Best Practice #4: Use Today’s Tools to Stand Out
If you don’t give people what they want, how they want it, why would they want you?
When businesses are in the market for new methods or products to improve their operations, 93% start their research on search engines, according to a 2010 iMedia survey. It’s unlikely that percentage has come down in the last four years. Consequently, it is incumbent upon professional services firms to do whatever they can to stand out in that crowded space.
One way to stand out (and, ultimately, the most important way), is to produce better thought leadership than your competitors; that is, more relevant, insightful, helpful, timely, and novel. But if no one knows how good your content is because no one is seeing it, it’s not doing you a lot of good. Firms must use the tools that attract the audience they want.
For FTI’s Craig, that means using “information graphics, social media, and search engine optimization – anything that can help improve the ranking of your thought leadership. If Google sees that people are tweeting about your thought leadership, or that you’ve got a PowerPoint on it, or a slide show that’s getting a lot of traction, [the search engines are] going to assume that your thought leadership is more important than others’ and rank it higher.” According to a 2013 study by SearchMetrics, high ranking URLs on Google correlate positively to a high number of “likes, shares, tweets, and plus-ones,” and the most important factor in getting a higher ranking is the number of links to that URL, not keywords.
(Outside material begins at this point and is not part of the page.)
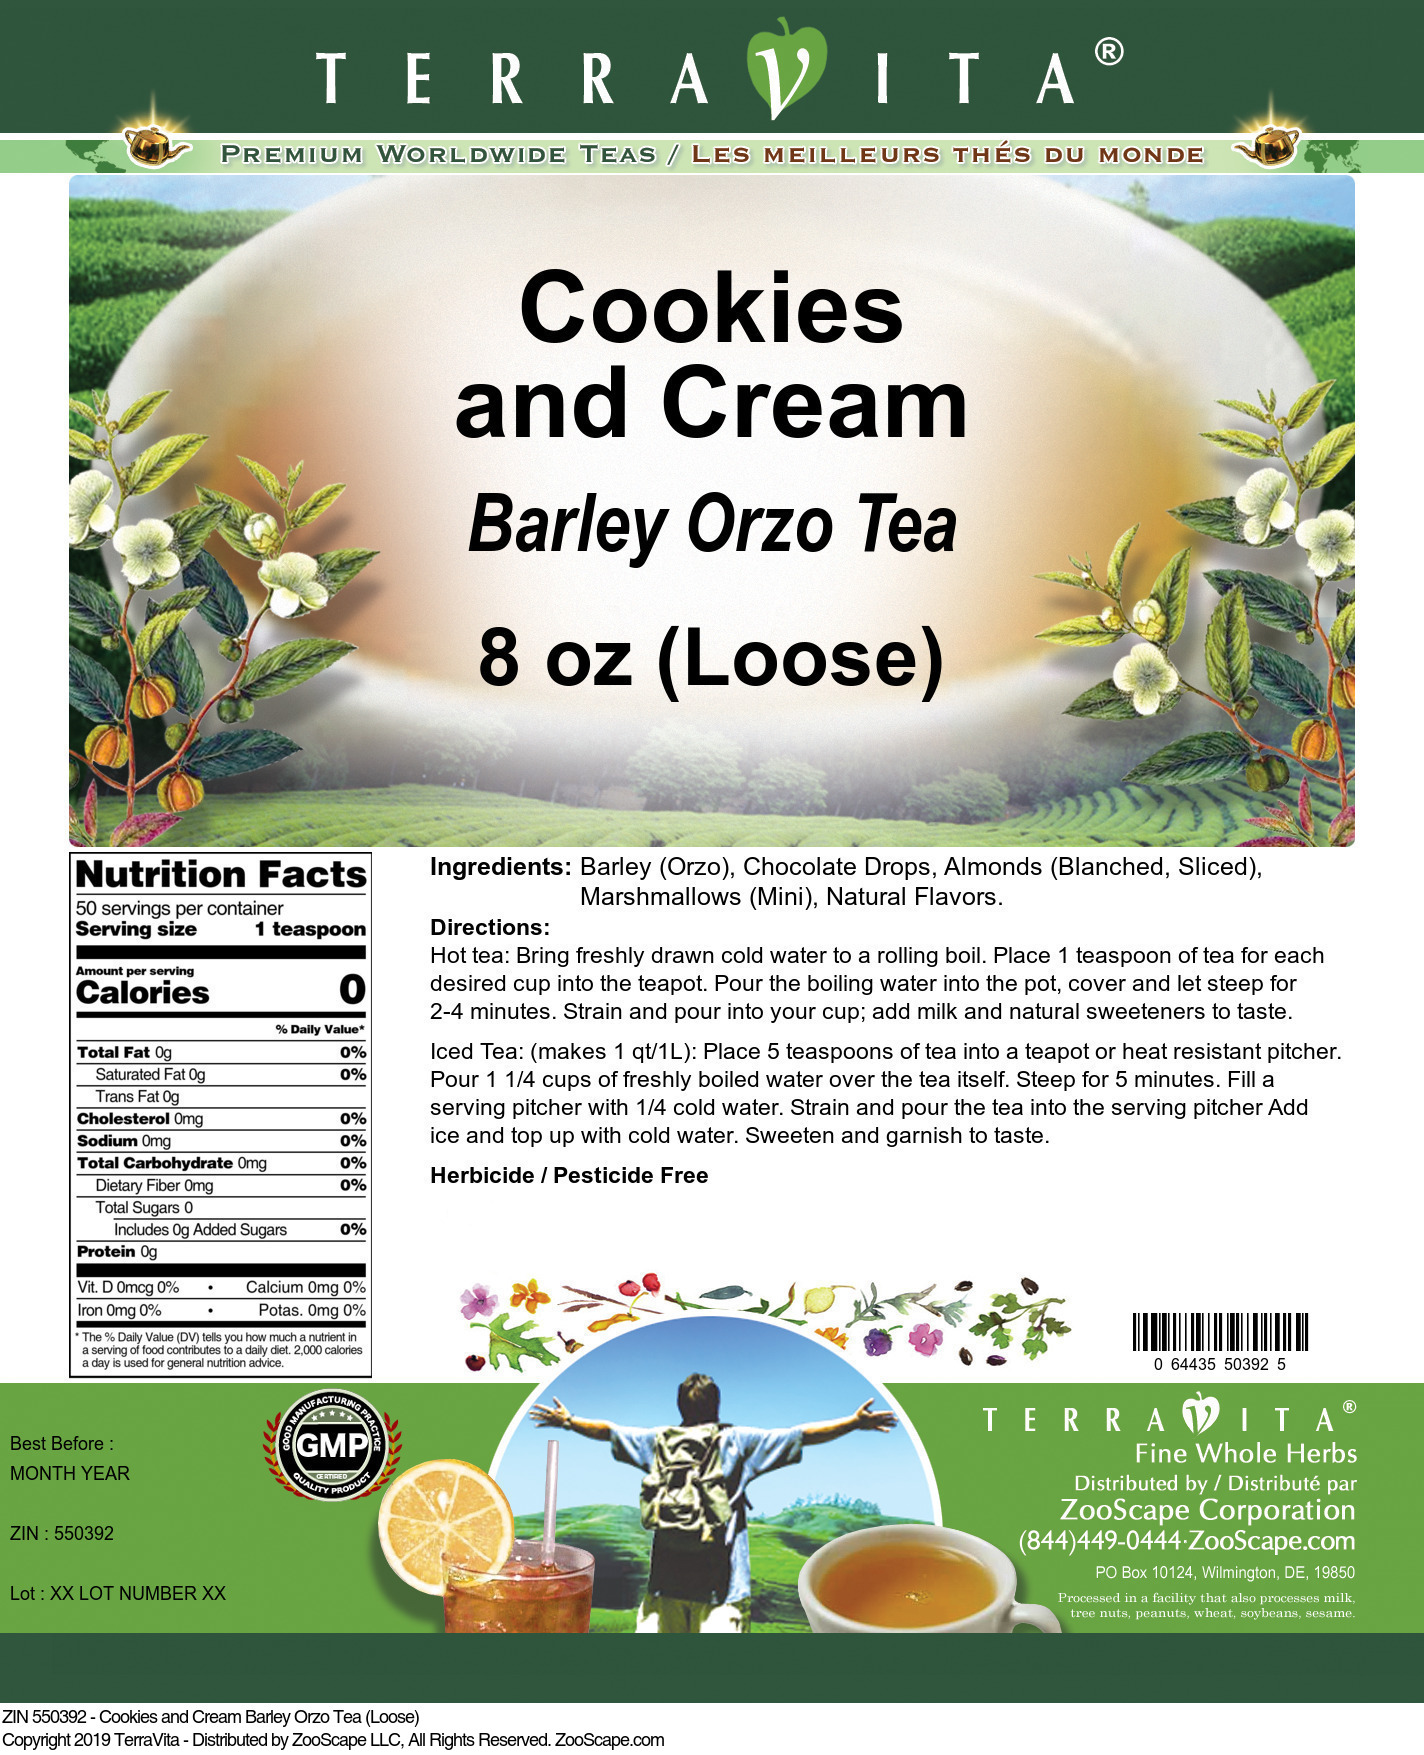 Cookies and Cream Barley Orzo Tea (Loose)

Craig recommends working closely with skilled designers to develop visuals, typography, and colors that “capture the essence of the article’s message and tonality. As more material is being consumed online, it becomes more important to leverage the medium; that is, video, audio, interactive charts, etc.”
Also, the higher quality of the materials, the more effective they will be when readers encounter them online, or a consulting partner hands it to them in print.
“I think because it’s so competitive to get your ideas recognized, it’s important to create a premium site where information can be downloaded and accessed in different formats,” says AlixPartner’s Breslaw. “A proliferation of publishing channels encourages greater content generation, which amplifies competition, making it increasingly difficult to stand out.” Marketing, Breslaw says, must keep the customers’ needs in mind when presenting thought leadership so that “you’re not only providing high-quality content, but you’re giving them the right user experience whether they’re coming to you through mobile, iPad, or desktop.”
Breslaw, like Craig, is a fan of information graphics that, she says, can “tell a story with a single slide. For online formats, that’s very compelling.”
All the experts we spoke with agreed that the landscape for thought leadership was in the middle of an upheaval, and for professional services firms to remain agile and competitive, its development, production, and dissemination needs to be professionalized.
A 2012 Harvard Business Review article described what the authors saw as a profound change in B2B sales strategies. Instead of the old process of selling solutions (“I know your problem and I have a product that will solve it), today’s most successful sales organizations sell “insight” (“You don’t know you have a problem, but you do. Let me help you with it”).
When applied to professional services firms, insight selling’s name is thought leadership.